Moisture content (% w/w, oven 105 °C to constant weight)
Potato 74.34; onion 89.20; tomato 94.27; lettuce 93.28; leek 90.48; carrot 86.35; wheat 11.22; rice 13.04.
Table 2 — Lead concentration in eight commodities (n=50 per commodity)
| Commodity | EU MAC (mg/kg ww) | Mean ± SD (mg/kg ww) | Mean ± SD (mg/kg dw) | Range (mg/kg ww) | n below MAC | n above MAC |
|---|---|---|---|---|---|---|
| Potato | 0.1 | 0.029 ± 0.011 (CD) | 0.110 ± 0.040 (B) | 0.007–0.064 | 50 (100 %) | 0 |
| Onion | 0.1 | 0.016 ± 0.012 (D) | 0.138 ± 0.079 (B) | 0.002–0.076 | 50 (100 %) | 0 |
| Tomato | 0.1 | 0.007 ± 0.005 (D) | 0.118 ± 0.088 (B) | <LOD–0.020 | 50 (100 %) | 0 |
| Lettuce | 0.3 | 0.022 ± 0.020 (CD) | 0.319 ± 0.276 (A) | 0.002–0.070 | 50 (100 %) | 0 |
| Leek | 0.3 | 0.040 ± 0.048 (C) | 0.388 ± 0.466 (A) | 0.005–0.180 | 50 (100 %) | 0 |
| Carrot | 0.1 | 0.029 ± 0.025 (CD) | 0.202 ± 0.157 (B) | 0.006–0.120 | 48 (96 %) | 2 (4 %) |
| Wheat | 0.2 | 0.123 ± 0.120 (A) | 0.126 ± 0.107 (B) | 0.027–0.639 | 45 (90 %) | 5 (10 %) |
| Rice | 0.2 | 0.097 ± 0.059 (B) | 0.108 ± 0.063 (B) | 0.018–0.254 | 46 (92 %) | 4 (8 %) |
Parenthetical letters (A–D) within a column denote Duncan’s test significant-difference groups (P < 0.05); columns share their own letter alphabet.
Table 3 — Cadmium concentration in eight commodities (n=50 per commodity)

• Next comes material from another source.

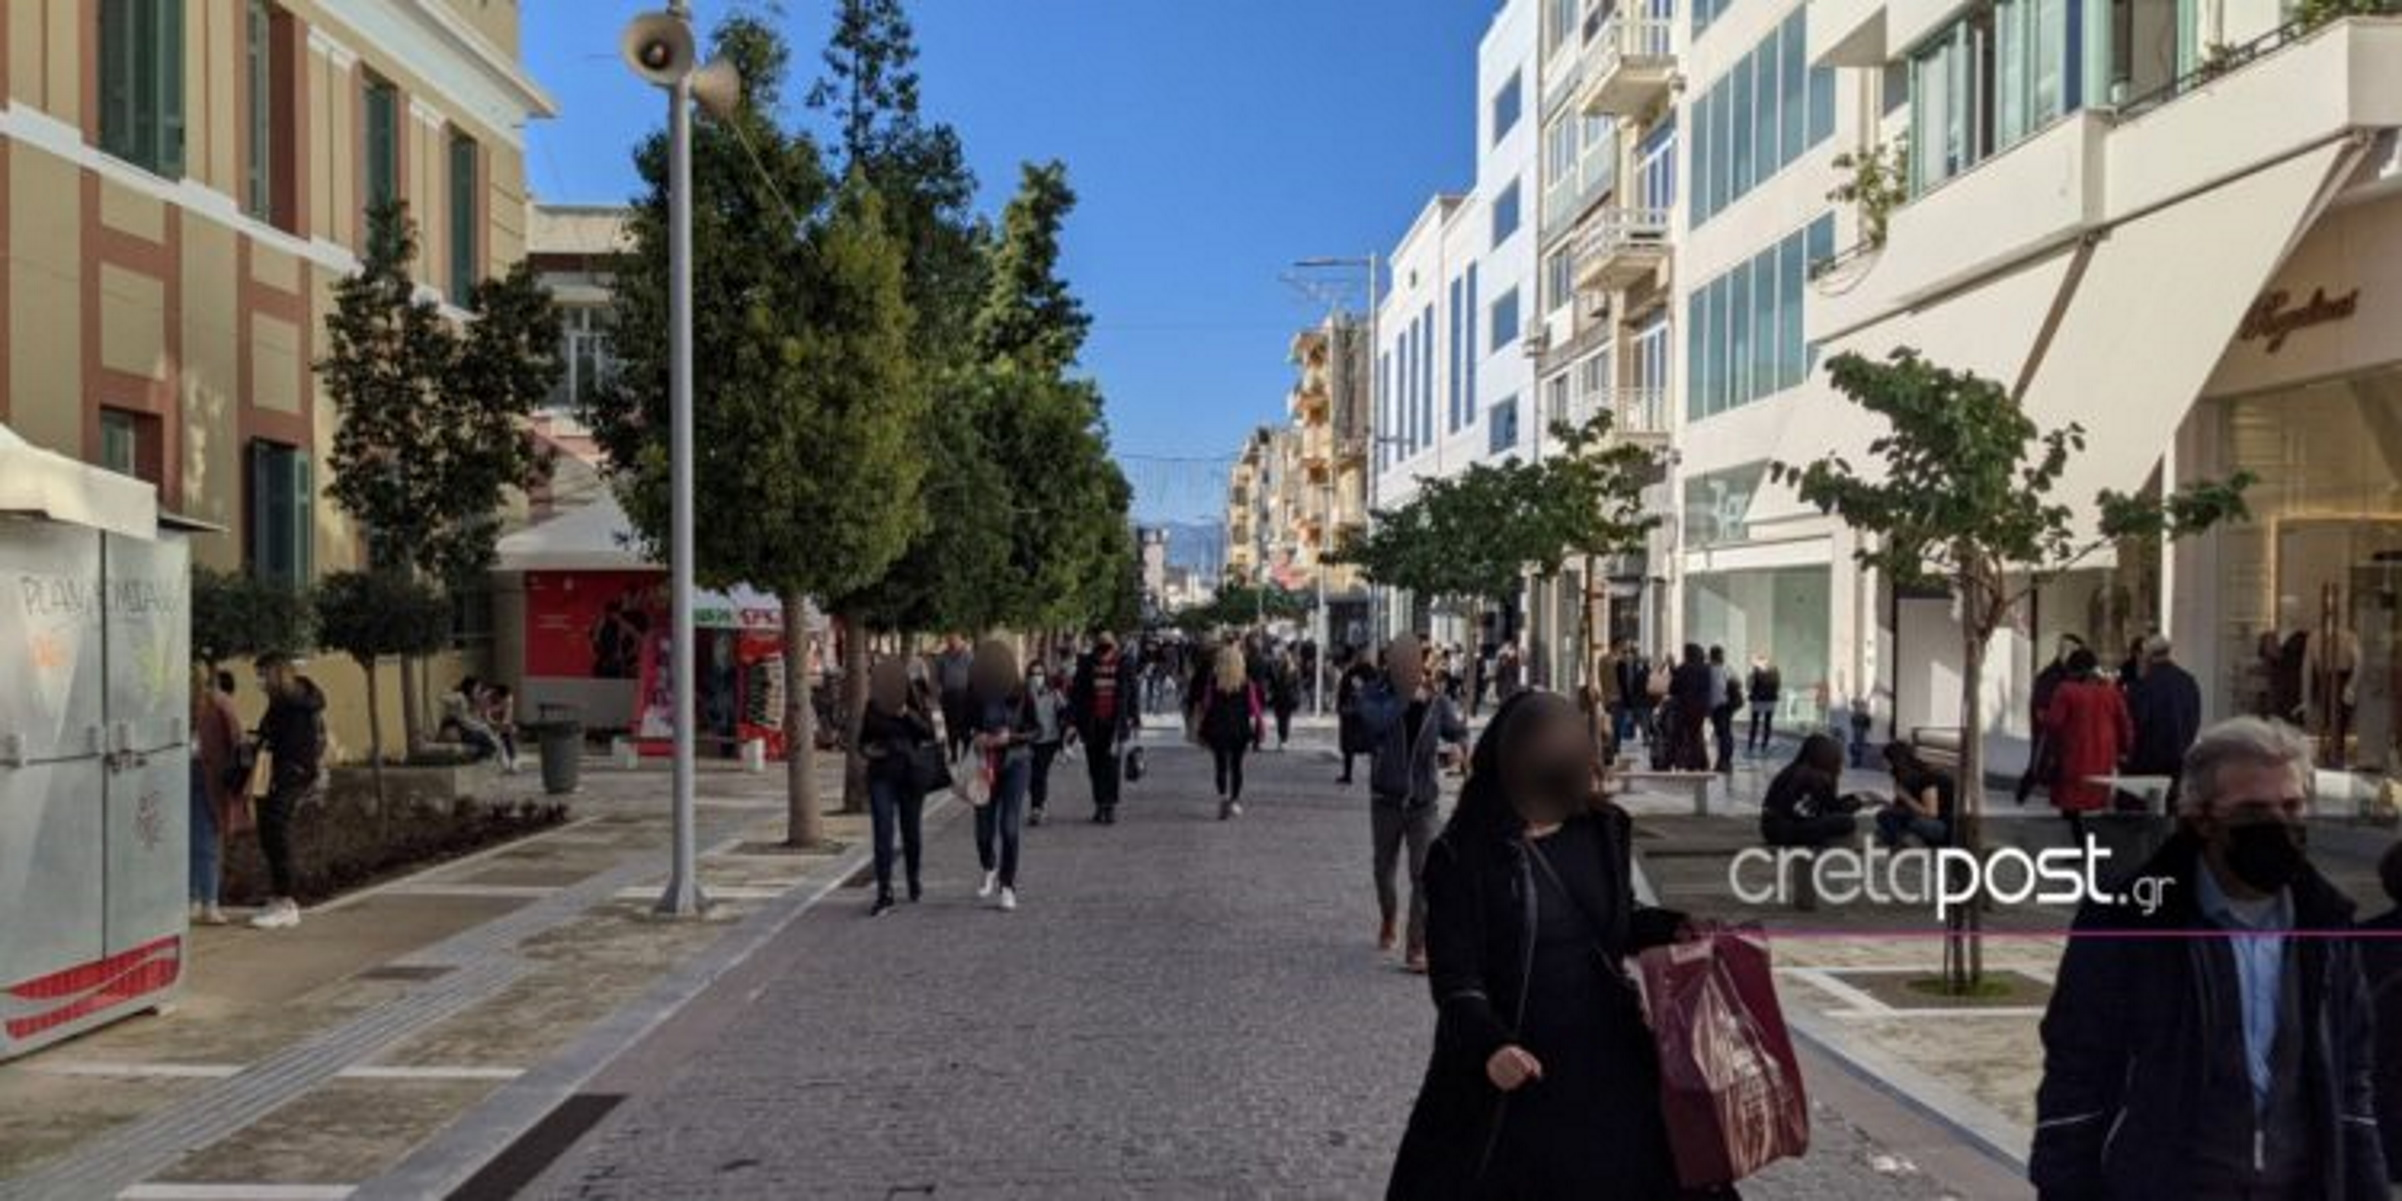 Κρήτη: «Βροχή» τα πρόστιμα για μετακινήσεις, μάσκες, λειτουργία καταστημάτων – 41.000 ευρώ οι «λυπητερές»

| Commodity | EU MAC (mg/kg ww) | Mean ± SD (mg/kg ww) | Mean ± SD (mg/kg dw) | Range (mg/kg ww) | n below MAC | n above MAC |
|---|---|---|---|---|---|---|
| Potato | 0.1 | 0.022 ± 0.013 (B) | 0.088 ± 0.051 (B) | 0.002–0.051 | 50 (100 %) | 0 |
| Onion | 0.1 | 0.011 ± 0.009 (CD) | 0.106 ± 0.083 (AB) | 0.001–0.052 | 50 (100 %) | 0 |
| Tomato | 0.1 | 0.003 ± 0.003 (D) | 0.060 ± 0.056 (B) | <LOD–0.010 | 50 (100 %) | 0 |
| Lettuce | 0.2 | 0.007 ± 0.005 (CD) | 0.108 ± 0.069 (AB) | <LOD–0.026 | 50 (100 %) | 0 |
| Leek | 0.2 | 0.015 ± 0.024 (BC) | 0.155 ± 0.257 (A) | <LOD–0.131 | 50 (100 %) | 0 |
| Carrot | 0.1 | 0.013 ± 0.011 (BCD) | 0.094 ± 0.079 (B) | <LOD–0.040 | 50 (100 %) | 0 |
| Wheat | 0.2 | 0.046 ± 0.043 (B) | 0.052 ± 0.049 (B) | 0.032–0.160 | 50 (100 %) | 0 |
| Rice | 0.2 | 0.049 ± 0.040 (CD) | 0.056 ± 0.047 (B) | 0.006–0.157 | 50 (100 %) | 0 |
Table 4 — Adult exposure and non-carcinogenic risk (70 kg adult; per-capita consumption from ISIRI 2010 No. 12968)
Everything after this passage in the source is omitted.